In comparison, the median federally supported student loan is $18,773. Just another consumer loan. Paying $200 a month for 10 years isn’t the end of the world – and 10 years of wage increases and inflation will ease that burden.

And if people can’t even make a $200 payment, they can’t make a $400 payment or an $800 payment on a car loan either. So when do we buy votes with the promise of car loan forgiveness?

It’s unfair that people who bought a car because they have to drive to work should be forced to pay back these loans. We need universal car loan forgiveness. The government could simply buy up all outstanding auto loans and then forgive them up to $50,000 each, perhaps with some income caps, like $250,000 per person and $500,000 per married couple filing jointly.

Think of it this way: it would be a huge boost to the economy because instead of making car payments, those people could then spend their money on other things.

It’s not fair, but fairness has nothing to do with it.

The government (taxpayers) financed these student loans by borrowing in the government bond market. It then passed this borrowed money through the students to the educational-industrial complex, expecting most of the money plus interest to be repaid by the borrowers after they started work. Her payments would have helped the government service the debt it incurred to fund student loans. But that’s over. In the future, the taxpayer will pay off the borrower’s loan.

In other words, the waiter who would have liked to go to college but couldn’t afford it now has to pay off the student loans of software engineers who went to college. It’s not fair, but fairness has nothing to do with it. This is about buying votes. And they hope that the waiter can’t find out.

Let the bankruptcy courts decide what will be discharged and how much borrowers have to pay each month.

Borrowers cannot currently redeem their student loans in the bankruptcy court system. But they found something much more attractive to get rid of their debts: politicians who want to buy votes with someone else’s money, namely taxpayers’ money.

But that doesn’t have to be the case. The same politicians could change the law to allow for student loan redemptions in bankruptcy courts.

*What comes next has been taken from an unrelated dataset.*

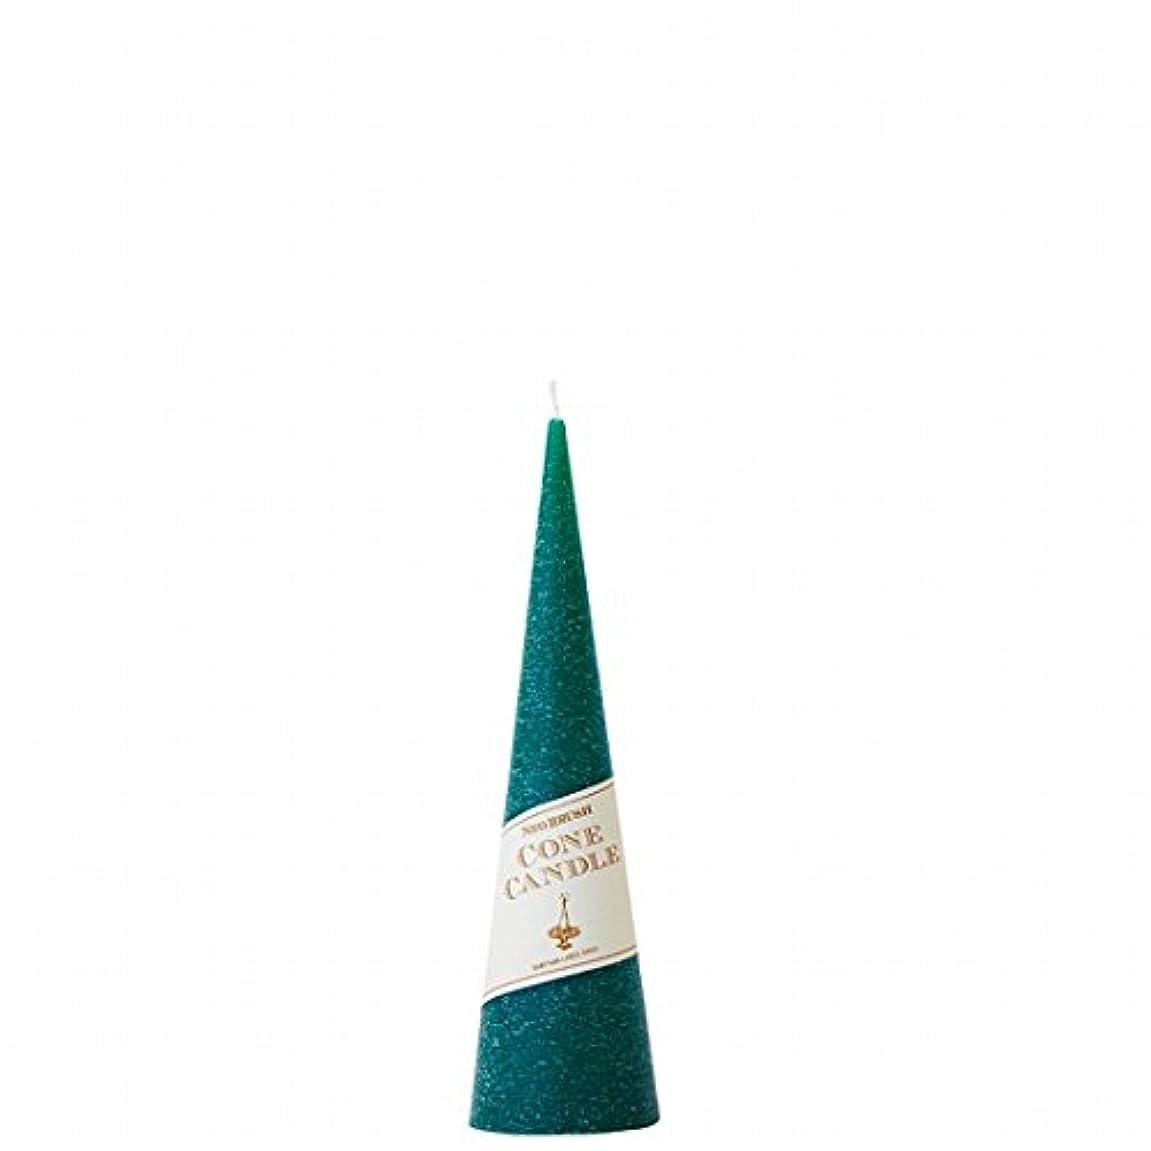 思い出させるチャーミング前売kameyama candle(カメヤマキャンドル) ネオブラッシュコーン 180 キャンドル 「 グリーン 」(A9750010G)
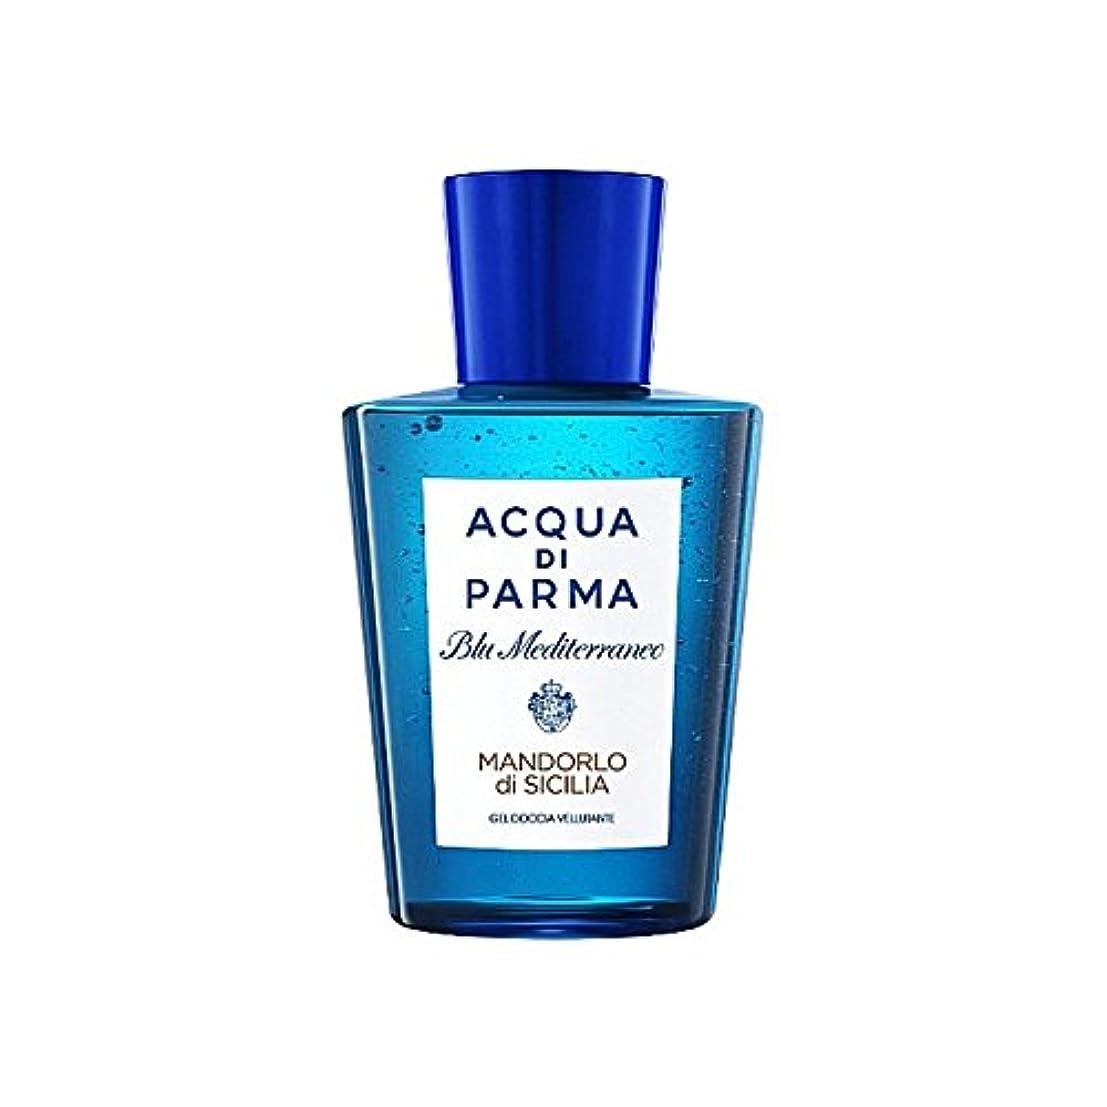 スキッパー誰の感謝Acqua Di Parma Blu Mediterraneo Mandorlo Di Sicilia Shower Gel 200ml - アクアディパルマブルーメディマンドルロディシチリアシャワージェル200 [並行輸入品]

So it would be a judge deciding how much this programmer with a degree from Stanford can pay each month for the next 10 years and how much this teacher with a degree from OSU can pay each month. And the judge can then dismiss the rest that cannot be paid. This is how personal bankruptcy has worked since the Bankruptcy Reform Act of 2005. When filing personal bankruptcy, people can’t just walk away from all their debt.

Student loan borrowers would then consider going through with it and making the payments; or file for bankruptcy, get the blemish on your credit report, get forgiveness on student loans if you have any, and make payments by court order for many years to come.

This system already exists for private bankruptcies. It’s not perfect, but it’s functional. And it would relieve borrowers who really can’t pay. And it would be a lot fairer for everyone around, including the waiter who couldn’t afford to go to college and doesn’t really want to pay off the student loans other people got to graduate.